The Four C's for Contentment (01:42:09)

  • Connect: Social connection drives contentment. Face-to-face interaction generates a serotonin signal, which leads to contentment.
  • Contribute: Contributing to others with purpose, such as through volunteering, generates serotonin and makes people feel better.
  • Cope: Sleep, mindfulness, and exercise are necessary to reduce cortisol levels.
  • Cook: Eating a diet high in tryptophan (found in eggs, chicken, and fish), low in fructose (found in ultra-processed foods), and high in omega-3 fatty acids (found in eggs and marine life) helps balance dopamine and serotonin levels.

What Is the Cause of All Our Health Problems? (01:47:19)

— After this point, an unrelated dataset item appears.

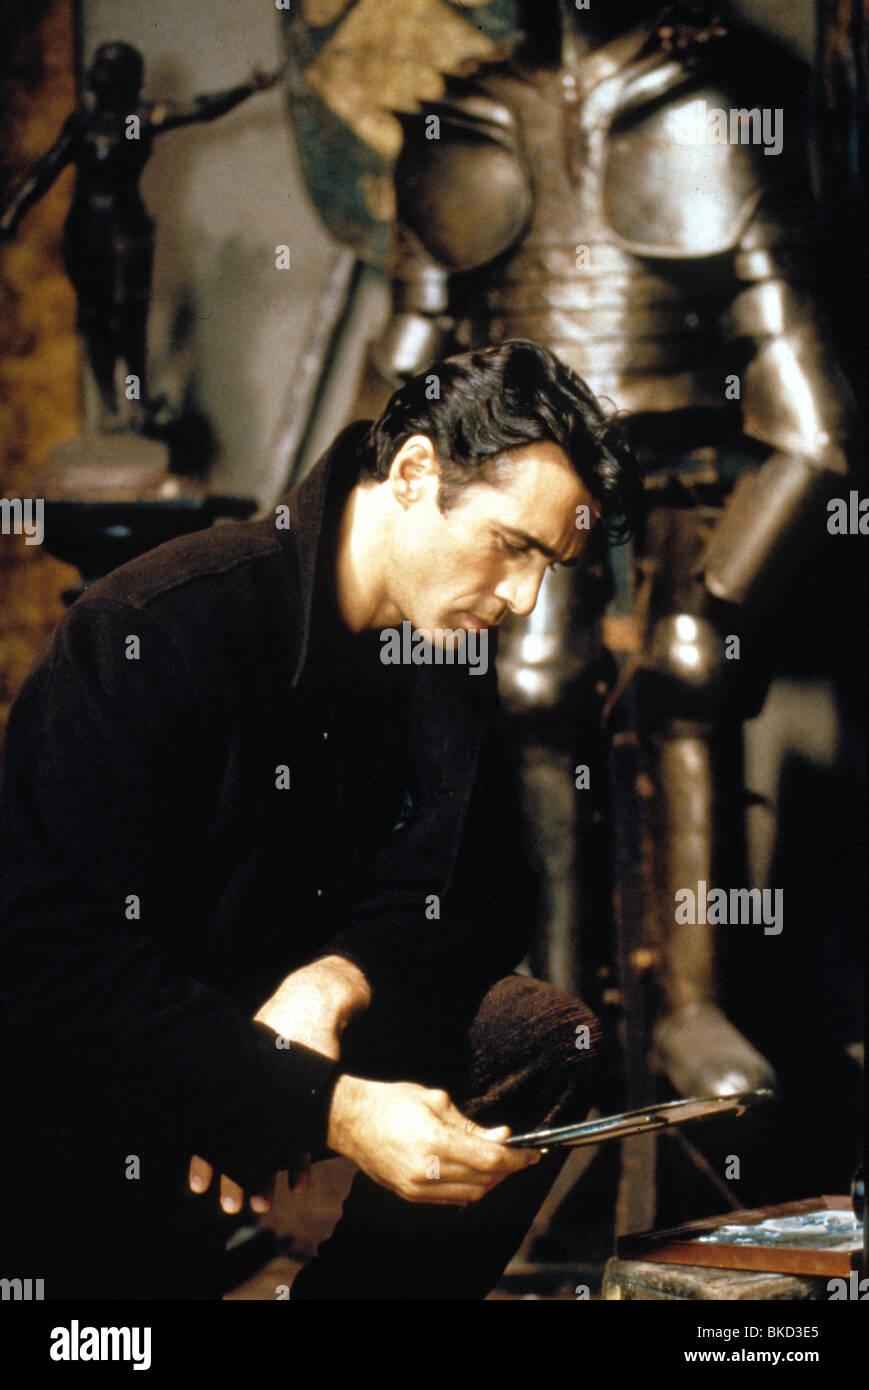 HIGHLANDER 4: ENDGAME (2000) ADRIAN PAUL HLEG 002 - Stock Image

  • The root cause of health problems is a dysfunctional amygdala, the fear center of the brain.
  • The amygdala is affected by various factors such as stress, ultra-processed food, sleep deprivation, environmental changes, and air pollution.
  • Until the root cause is recognized, attempts to solve health problems will be ineffective.

Last Question (01:49:46)

  • Dr. Robert Lustig reflects on what he would tell his 20-year-old self.
  • He emphasizes the importance of not fearing being disliked and recommends the book "The Courage of Being Disliked."
  • Dr. Lustig's books, including "The Hacking of the American Mind," "Fat Chance," and "Metabolical," are highly recommended for their insights into health and nutrition.
  • His work is praised for saving lives, propelling conversations forward, and engaging audiences effectively.